Ilakucaraq telah memasuki tahun ketiga. Program ini memiliki beberapa komponen, tetapi tujuan utamanya adalah agar siswa Alaska Native dapat mempelajari budaya dan komunitas lain di negara bagian tersebut. John mengatakan bahwa aspek penting lainnya adalah agar siswa melihat budaya mereka sendiri sebagai sumber kekuatan saat mereka tumbuh dewasa dan menyelesaikan sekolah menengah atas.

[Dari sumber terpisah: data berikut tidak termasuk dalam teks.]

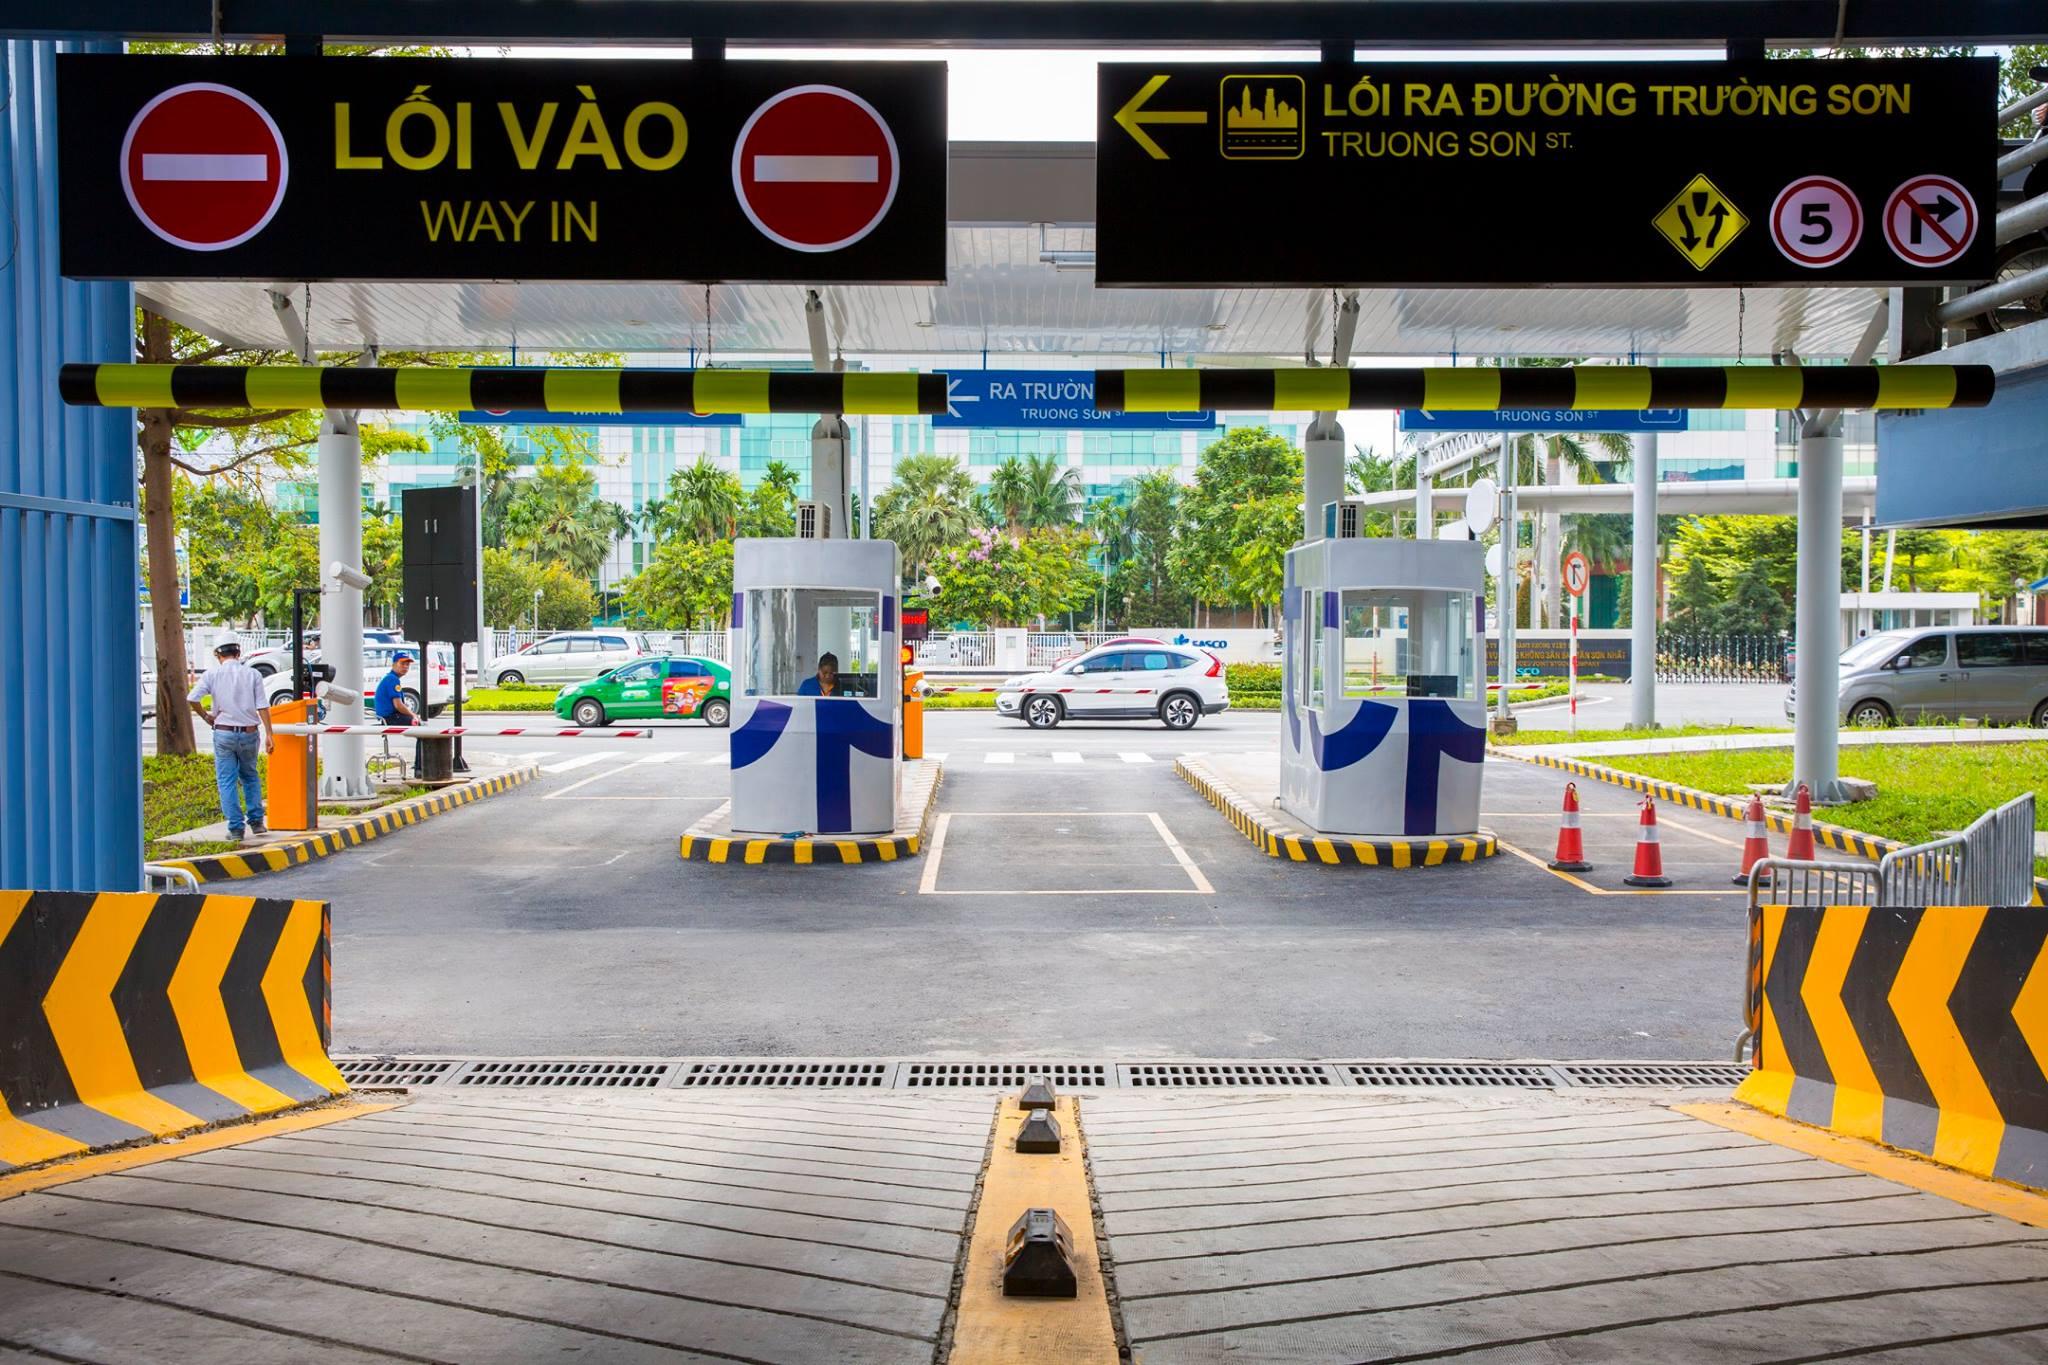 Nhà xe sân bay Tân Sơn Nhất kiếm bộn tiền sau 4 năm vận hành - Ảnh 1.

“Kami secara strategis memilih anak-anak dari berbagai budaya, daerah, tingkatan kelas, dan tingkat pengetahuan tentang budaya mereka sehingga mereka dapat saling belajar,” katanya. “Kami memiliki anak-anak dari Alakanuk, Utqiaġvik hingga Tununak, Emmanok, di mana-mana.”

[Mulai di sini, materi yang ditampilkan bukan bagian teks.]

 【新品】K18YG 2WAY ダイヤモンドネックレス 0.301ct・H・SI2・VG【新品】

Tahun ini, beberapa peserta program melakukan perjalanan ke komunitas pusat pedesaan Bethel, Kodiak, dan Dillingham. Sekelompok orang juga pergi ke Utqiaġvik selama Nalukataq, atau festival perburuan paus musim panas. Di Kotzebue, para remaja belajar tentang tanaman liar yang dapat dimakan, memotong dan menyimpan daging anjing laut hitam kering dalam minyak, dan membantu membuat rak pengering untuk menggantung ikan. Kelompok tersebut juga mempelajari tarian Iñupiaq dari kelompok tari lokal. John mengatakan bahwa banyak kegiatan yang melibatkan Tetua dan pembawa budaya.

“Kami ingin membayar orang-orang tersebut karena mereka berbagi pengetahuan dengan kami dan meluangkan waktu mereka sendiri, yang biasanya sibuk, seperti pada musim panen dan akhir pekan,” kata John.

Namun John mengatakan bahwa program Ilakucaraq, yang didanai melalui Program Pendidikan Penduduk Asli Alaska di bawah Departemen Pendidikan Amerika Serikat, mungkin akan kehilangan pendanaannya tahun depan. Tanpa program tersebut, para siswa tidak akan memiliki kesempatan untuk bepergian ke komunitas pedesaan lain, atau untuk menjalin keakraban dengan remaja dari kelompok Penduduk Asli Alaska lainnya.

Beberapa peserta program mengatakan itu bisa menjadi kerugian yang nyata.

Jaime Twitchell memperkenalkan dirinya di Yup'ik: “Waqaa, wiinga Yugcetun Qasqanayuk. Kasiglurmiunguunga tamani-llu cali anglilua. Angayuqaagka Cungassaq Iiguaq-llu. Ilakluki Kasiglurmiut yuralartua.”

Twitchell berasal dari komunitas Yukon-Kuskokwim Delta di Kasigluk. Ini tahun ketiganya berpartisipasi dalam program ini. “Saya belajar banyak dari program ini,” katanya. “Saya kebanyakan… Saya mengalami kecemasan sosial. Jadi, program ini membantu saya melewatinya. Dan, seperti, bertemu lebih banyak orang.”

Rekan anggota programnya, Jayden Lampe dari Utqiaġvik, setuju.

“Ini pengalaman yang sangat hebat,” kata Lampe. “Saya senang bertemu banyak orang baru. Dan itulah yang saya lakukan, khususnya orang-orang dari seluruh Alaska. Senang rasanya mengetahui bahwa saya memiliki rasa kebersamaan, tidak hanya di tempat asal saya, tetapi di seluruh Alaska.”

Program ini tidak menerima dana pada musim semi ini, jadi putaran Ilakucaraq ini akan berakhir pada musim gugur ini. Namun, seorang perwakilan dari Forum Kemanusiaan Alaska mengatakan bahwa mereka sedang melaksanakan program serupa untuk pemuda di seluruh negara bagian.

Julia Jimmie menyumbangkan terjemahan Yugtun untuk cerita ini.